## GOAL OF THE EXERCISE
Whenever a picture appears, leave it out while repeating all the other data exactly.

*** Opening INFORMATION SUPPLIED ***

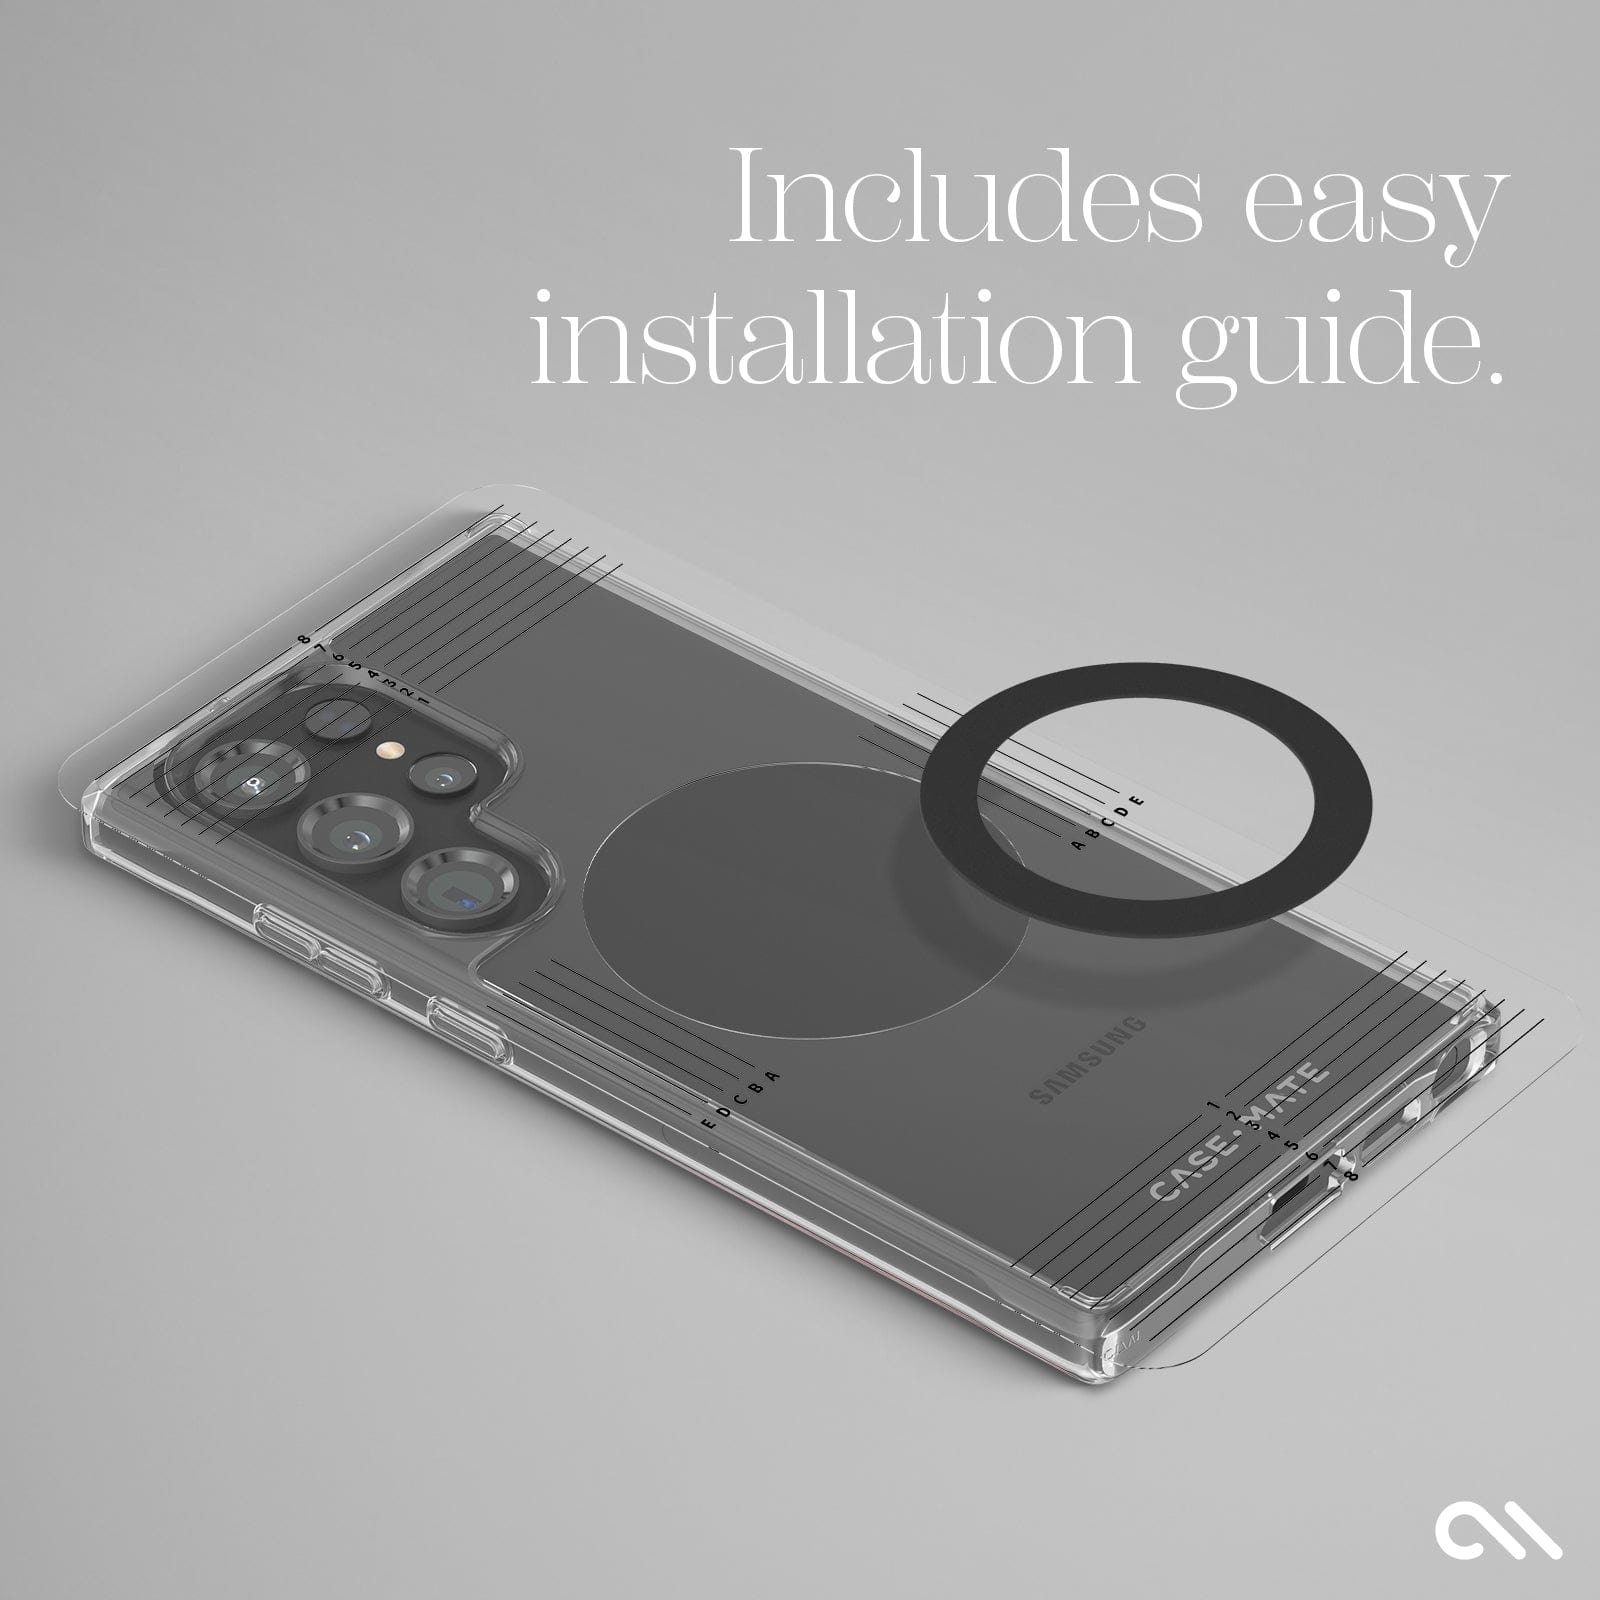 INCLUDES EASY INSTALLATION GUIDE
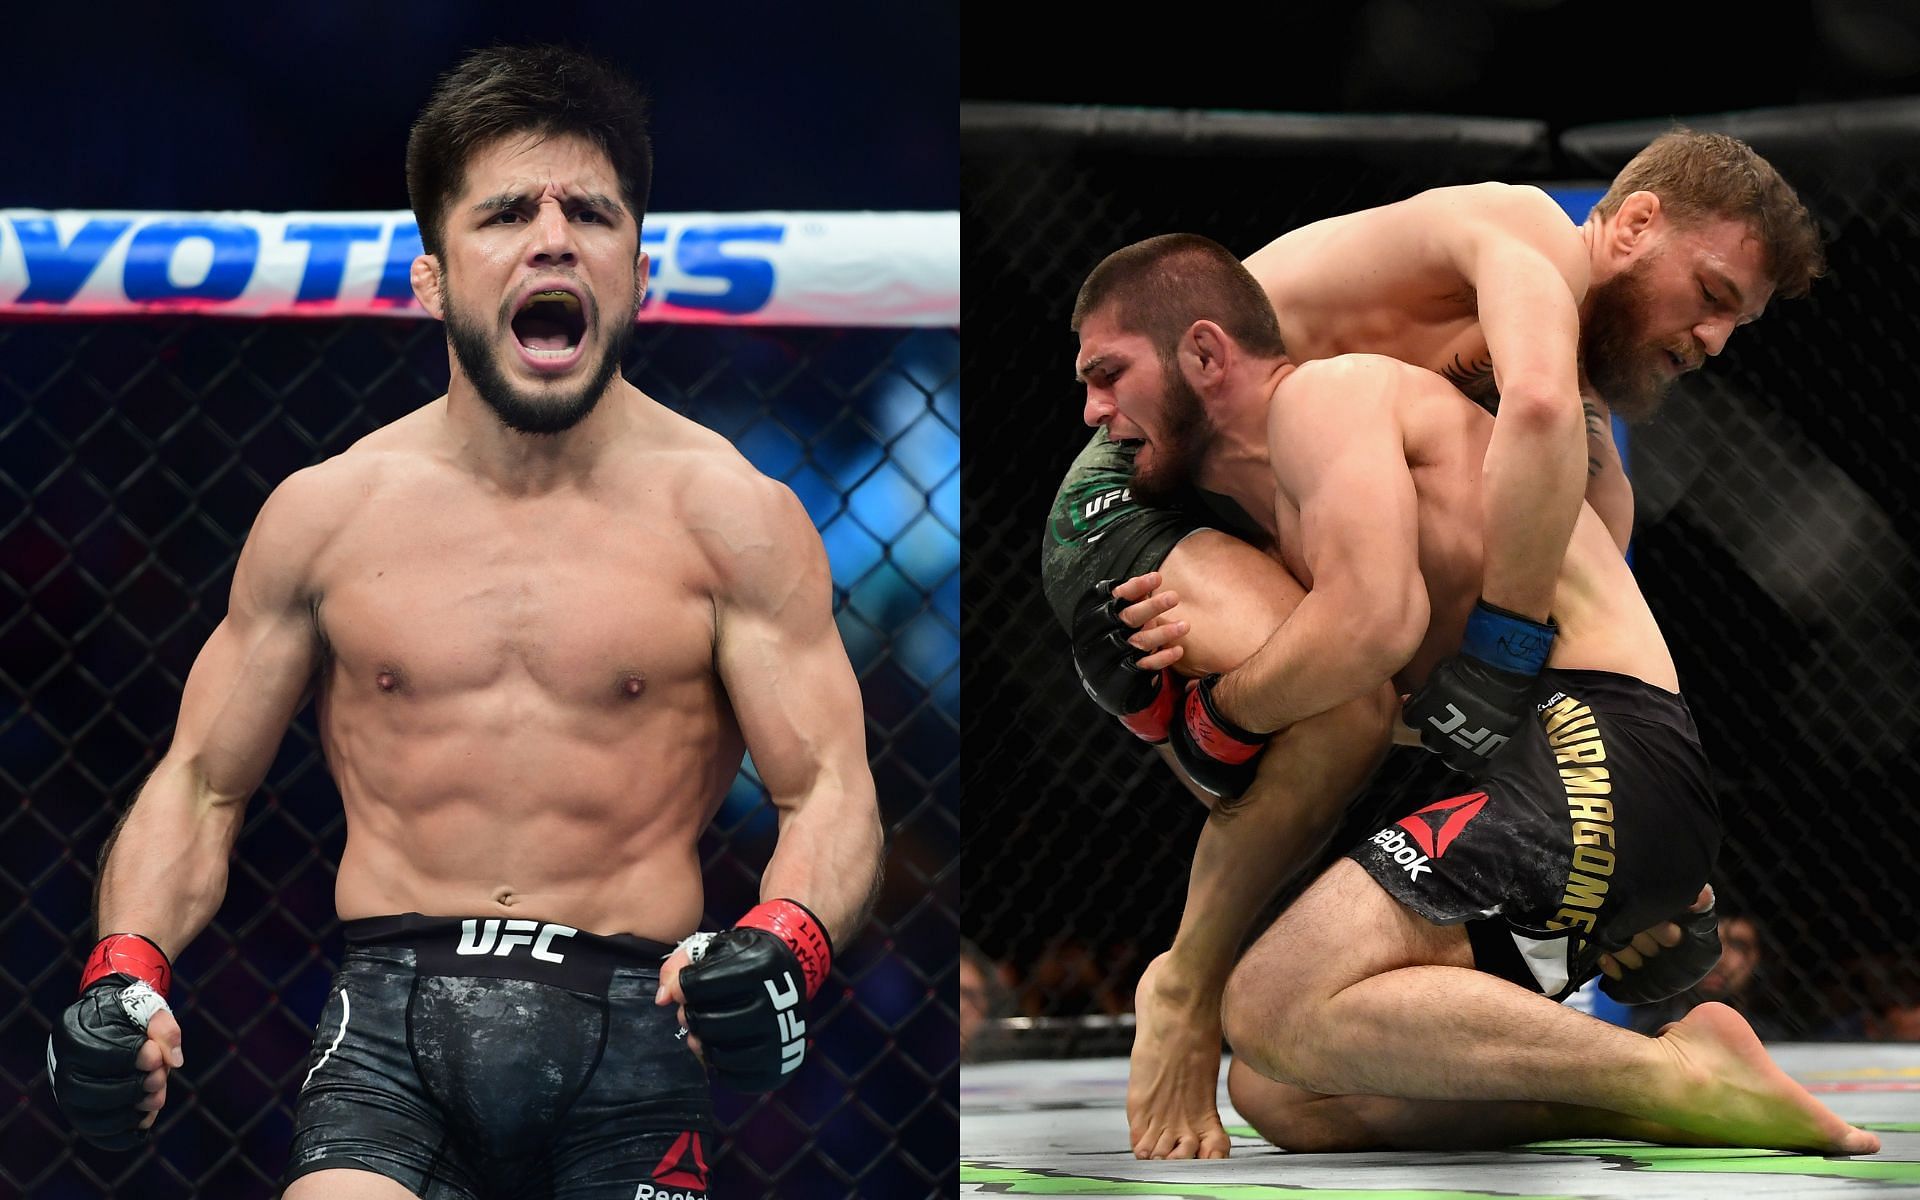 Former UFC fighter Henry Cejudo (left) and action from the bout between Khabib Nurmagomedov and Conor McGregor (right)
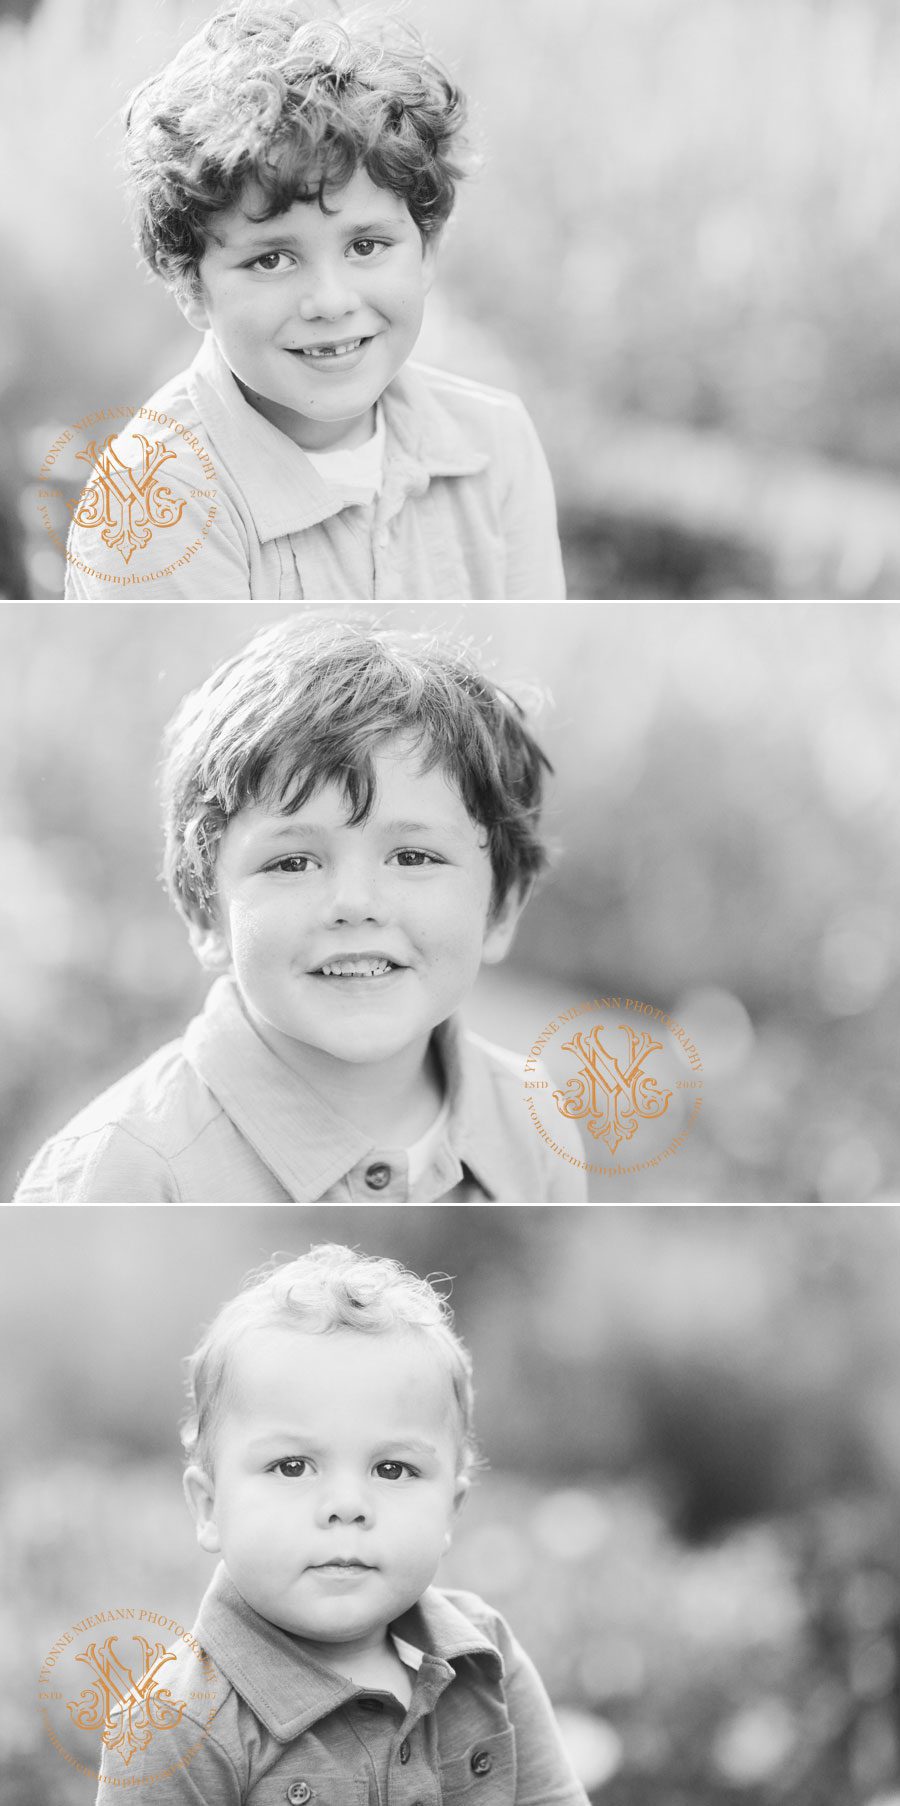 Child photography of boys taken by Athens, GA photographer.

*** Closing INFORMATION SUPPLIED ***

## THE COMPLETED TASK
 INCLUDES EASY INSTALLATION GUIDE
 Former UFC fighter Henry Cejudo (left) and action from the bout between Khabib Nurmagomedov and Conor McGregor (right)
 Child photography of boys taken by Athens, GA photographer.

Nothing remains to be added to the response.